Valsecchi (Fim Cisl dei Laghi): “Questa volta l’Italia non può sbagliare”
Passaggio di consegne alla guida dei metalmeccanici della Cisl tra Paolo Carini e Caterina Valsecchi. "Mes e Recovery fund sono una grande opportunità"
«Lei è una tosta». Il primo datore di lavoro di Caterina Valsecchi, nuova segretaria della Fim Cisl dei Laghi, ha commentato così la notizia della sua elezione.
La storia di questa sindacalista, sembra quella di una predestinata. Dopo la morte improvvisa del padre, a soli 14 anni entra come operaia in una fabbrica meccanotessile di Lecco, quando quel distretto era ancora tra i più floridi d’Italia.
Una storia che inizia alla fine degli anni Settanta, anni in cui lo Stato è sotto attacco da parte dei terroristi e i lavoratori, e con loro i sindacalisti, sono chiamati a garantire la tenuta democratica del Paese. Lo scontro politico entra nelle fabbriche e il sindacato dei metalmeccanici – allora ancora Flm – deve far fronte a una stagione di pesanti ristrutturazioni. (Nella foto, da destra: Caterina Valsecchi e Paolo Carini)
«Erano anni duri – spiega Valsecchi – ma tra le organizzazioni sindacali c’era rispetto, competenza e solidarietà, mentre oggi prevale la conflittualità. La dimensione collettiva di un tempo è stata soppiantata letteralmente dall’individualismo e dalle rivendicazioni personali. Una situazione determinata dal contesto: se un tempo c’era l’operaio massa e la fabbrica, oggi c’è la polverizzazione del lavoro e la parcellizzazione dei bisogni. Insomma, è l’individuo che prevale».
Il passaggio di consegne tra Caterina Valsecchi e Paolo Carini, destinato al regionale della Fim Cisl, è segnato da una continuità di pensiero. Due generazioni diverse che però hanno vissuto con la stessa intensità il cambiamento del lavoro avvenuto con l’avvento della tecnologia digitale. «In fabbrica c’è stato un ribaltamento dei ruoli sociali – sottolinea Carini -. Oggi l’ultimo operaio della catena di produzione è più garantito rispetto ai nuovi precari, tra cui ci sono molti giovani laureati. È un fenomeno che il sindacato fa fatica a intercettare».
«Ormai il popolo del precariato ha raggiunto il cinquanta per cento della forza lavoro – aggiunge Valsecchi – e comprende le fasce più deboli della società. Lì c’è una battaglia da combattere perché c’è uno sfruttamento da parte del più forte». Come dire: c’è una nuova frontiera dei diritti che è ancora tutta da tracciare ed è su quella linea che il sindacato deve operare.

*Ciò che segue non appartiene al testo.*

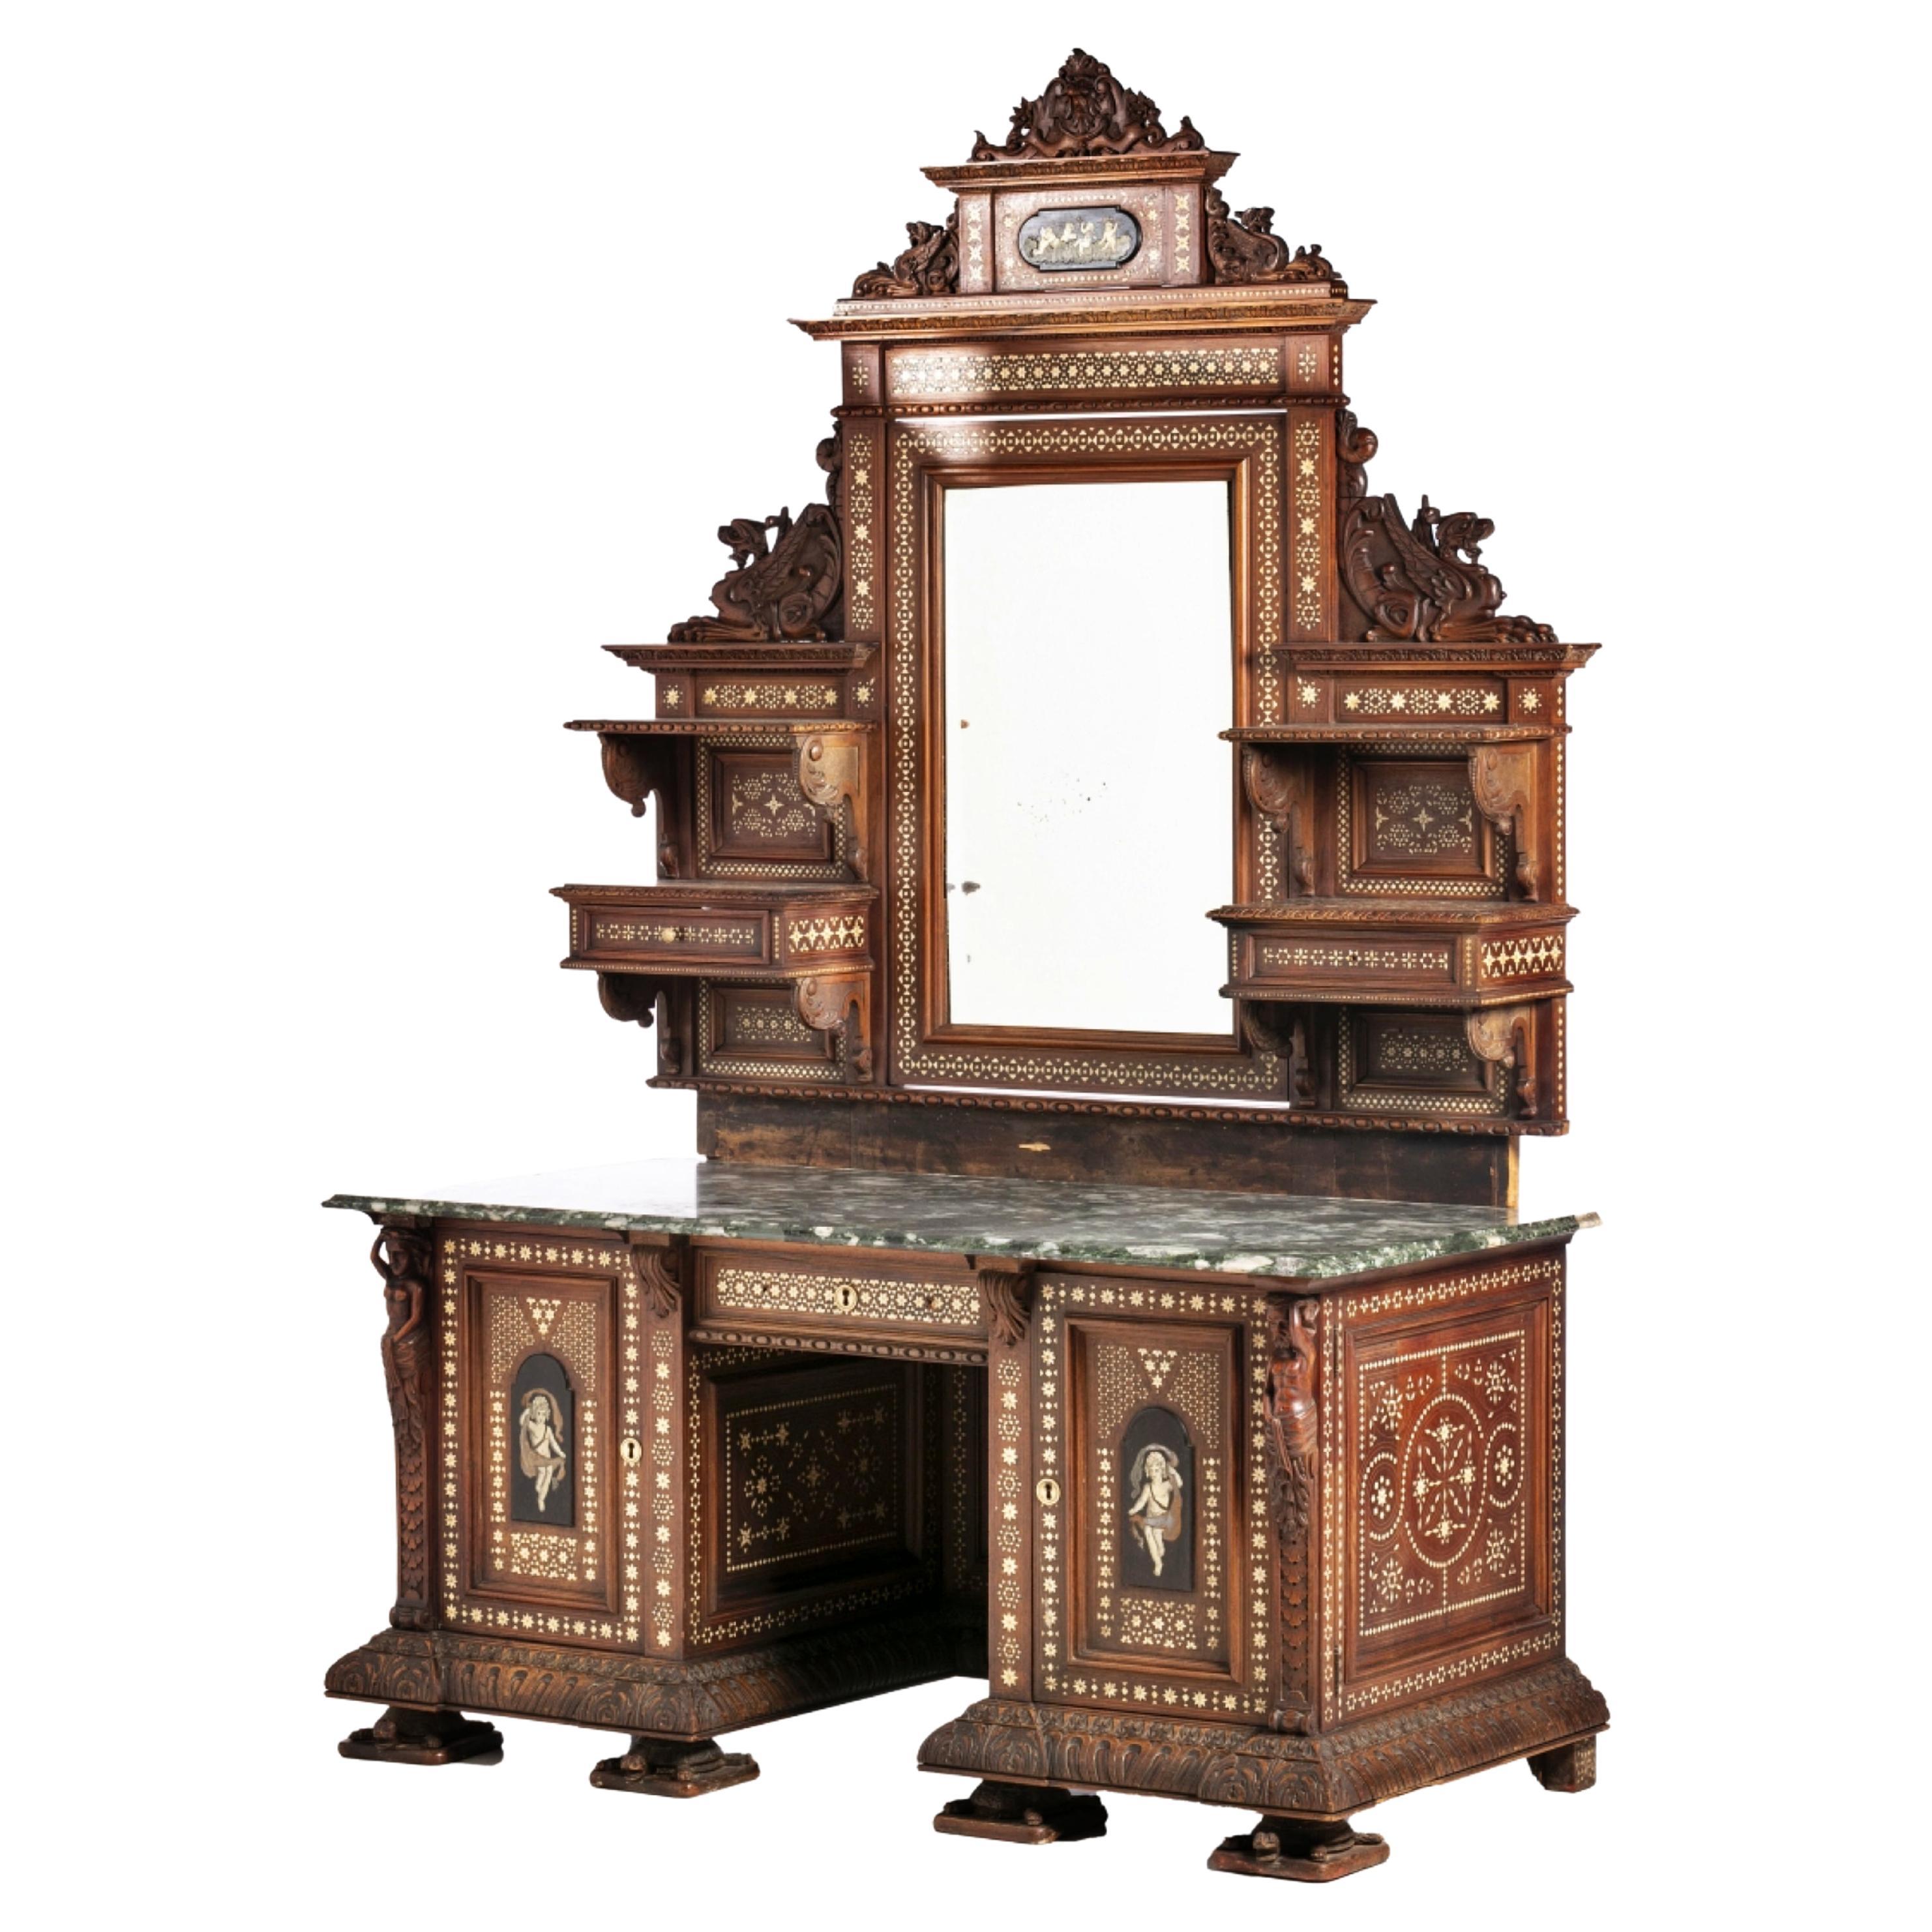 RARE AND SPECTACULAR 19th Century ITALIAN DRESSING FURNITURE For Sale
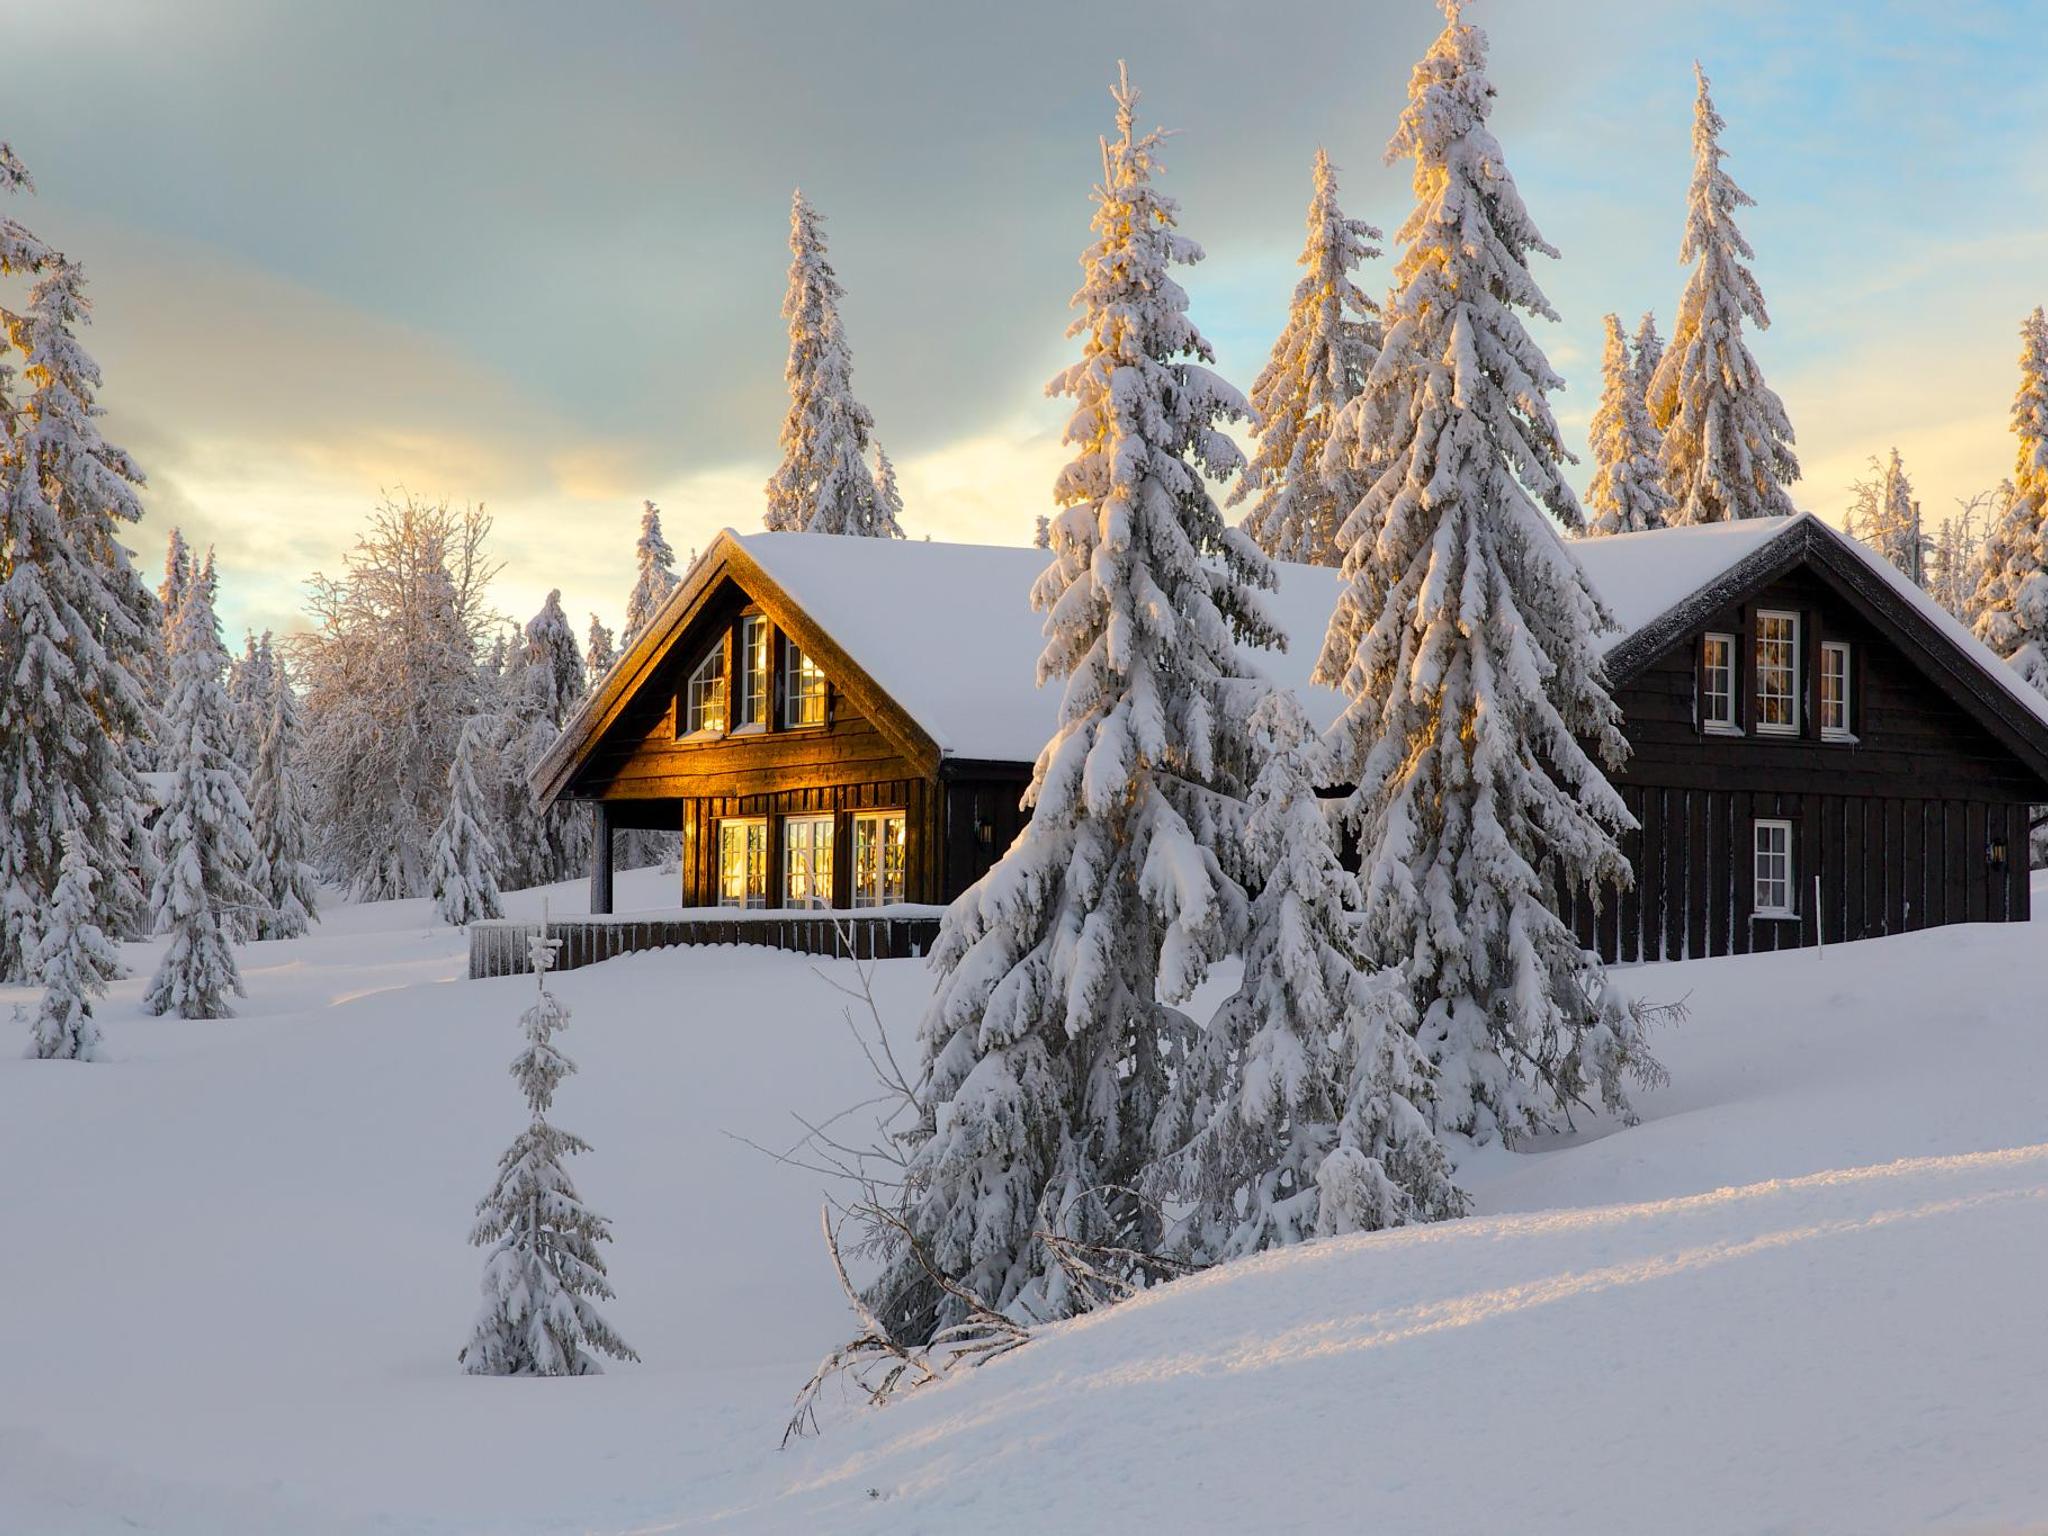 Snowy Winter Getaways for Bookers

Per anni, dopo la crisi dei mutui subprime e il fallimento di Lehman Brothers, è stata condita in tutte le salse la storiella che la parola crisi in cinese, oltre al significato di pericolo, volesse dire anche opportunità. Un’interpretazione generosa frutto di una traduzione sbagliata. La crisi conseguente all’emergenza sanitaria causata dal Coronavirus nelle sue drammatiche conseguenze ha però finito per generare realmente una grande opportunità rappresentata dai fondi europei Mes e Recovery Fund. «Sembra paradossale ma è così – dice Valsecchi -: quei fondi possono far svoltare il Paese. Hanno aperto spiragli che vanno coltivati in termini partecipativi e che anche Confindustria, con il senno di poi, sembra aver colto».
Dentro quell’opportunità ci sono tante sfide da affrontare per il cambiamento a partire dallo smartworking . «Le imprese, travolte dall’emergenza Covid-19, hanno gestito in proprio quel passaggio, senza il coinvolgimento del sindacato – spiega Carini -. La ragione sta nel fatto che in Italia prevale da sempre e a tutti i livelli la subcultura del controllo. In un contesto digitale e di sviluppo tecnologico bisogna superare questa impostazione, altrimenti limitiamo le possibilità che sono emerse in questa fase critica».
I soldi e la tecnologia da soli non risolvono i problemi se mancano una visione complessiva di Paese e un’effettiva partecipazione, necessarie per riequilibrare le responsabilità che vengono generate nelle relazioni industriali. «Il Governo ora ci deve ascoltare perché abbiamo delle proposte da fare – conclude Valsecchi -. Questa volta l’Italia non può permettersi di sbagliare».